RuntimeError: maximum recursion depth exceeded in cmp

@ozagordi
Copy link
Collaborator

Hi, sorry for the late reply.
The first error is not exactly a bug, rather a problem in probabilistic
clustering. It could be ignored for posteriors only slightly higher than
one, but in general it signals a poor mixing. The crash message at first
sight seems saying that the program did not find a solution in the maximum
number of iterations. You would need to tell me more of your problem and
maybe provide me with a toy example. First of
all, what window size did you choose? Do you really need global
reconstruction or could you do with local only?

@bramvrancken
Copy link
Author

Hello Osvaldo,

I'm sorry in turn for the late reply.
Some details on the data that are hopefully of diagnostic use: it are paired end MySeq reads, ~145nt long. Through this link you can access the dropbox folder I created, and find the sequence data (Vphaser_input_sorted.bam) and the reference sequence (S3_ntCons.fasta).
The various folders have the name of the options I tested.
link: https://www.dropbox.com/sh/ao3q0iv3neq8vyr/AAD9p2Ii1ZTyT7sN0BTzdeQza?dl=0

Do you really need global reconstruction or could you do with local only
This is a sample with little variation in the population. To illustrate I also included the overview per AA position (*.xls). Despite the risk for in silico recombinants, we prefer global reconstruction -after all, the last few variants are close to each other (within 1 read length).

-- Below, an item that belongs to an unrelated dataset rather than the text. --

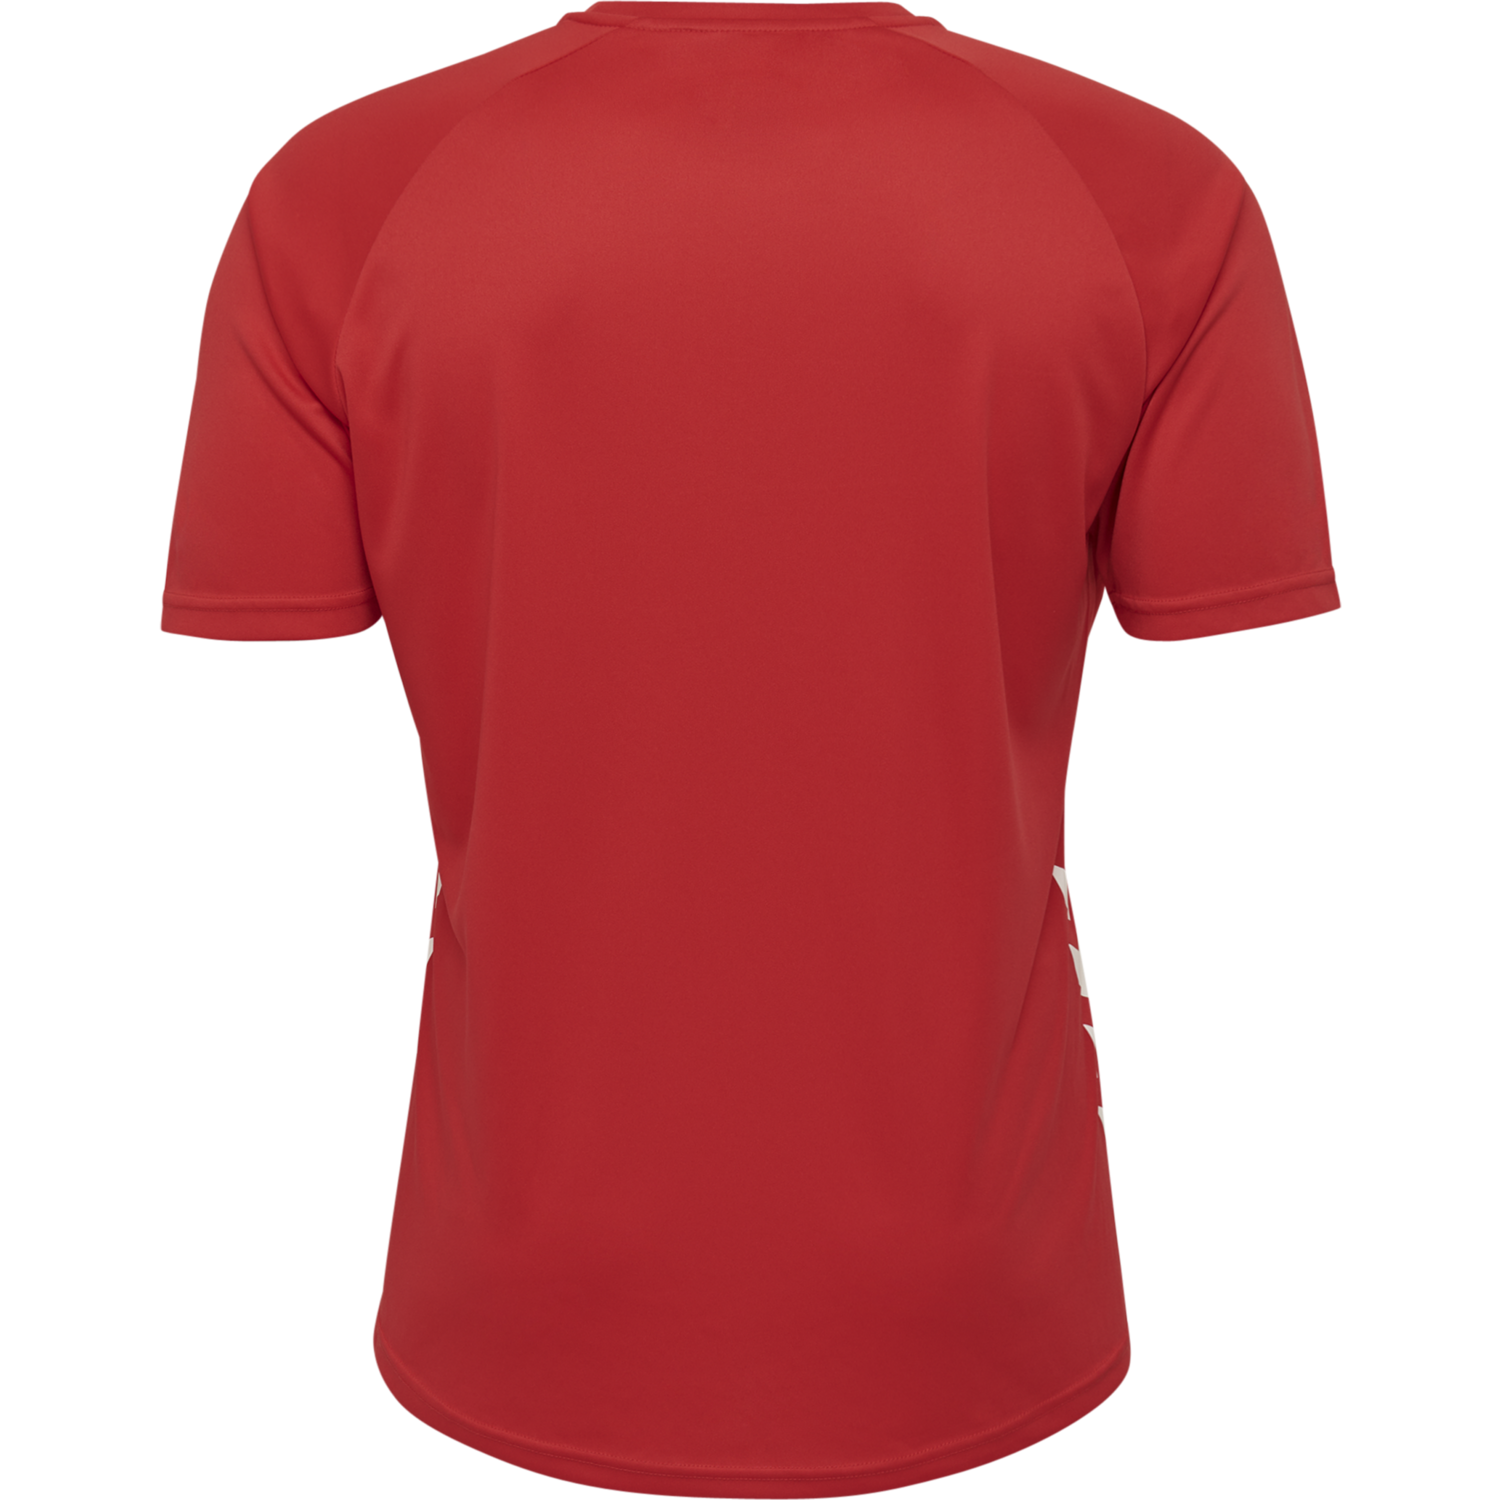 Details about   Hummel Football Soccer Lead Mens Short Sleeve SS Sports Training Jersey Shirt

Again thanks for looking into this.

Sincerely,
Bram

On 17 Feb 2015, at 23:30, Osvaldo Zagordi wrote:

Hi, sorry for the late reply.
The first error is not exactly a bug, rather a problem in probabilistic
clustering. It could be ignored for posteriors only slightly higher than
one, but in general it signals a poor mixing. The crash message at first
sight seems saying that the program did not find a solution in the maximum
number of iterations. You would need to tell me more of your problem and
maybe provide me with a toy example. First of
all, what window size did you choose? Do you really need global
reconstruction or could you do with local only?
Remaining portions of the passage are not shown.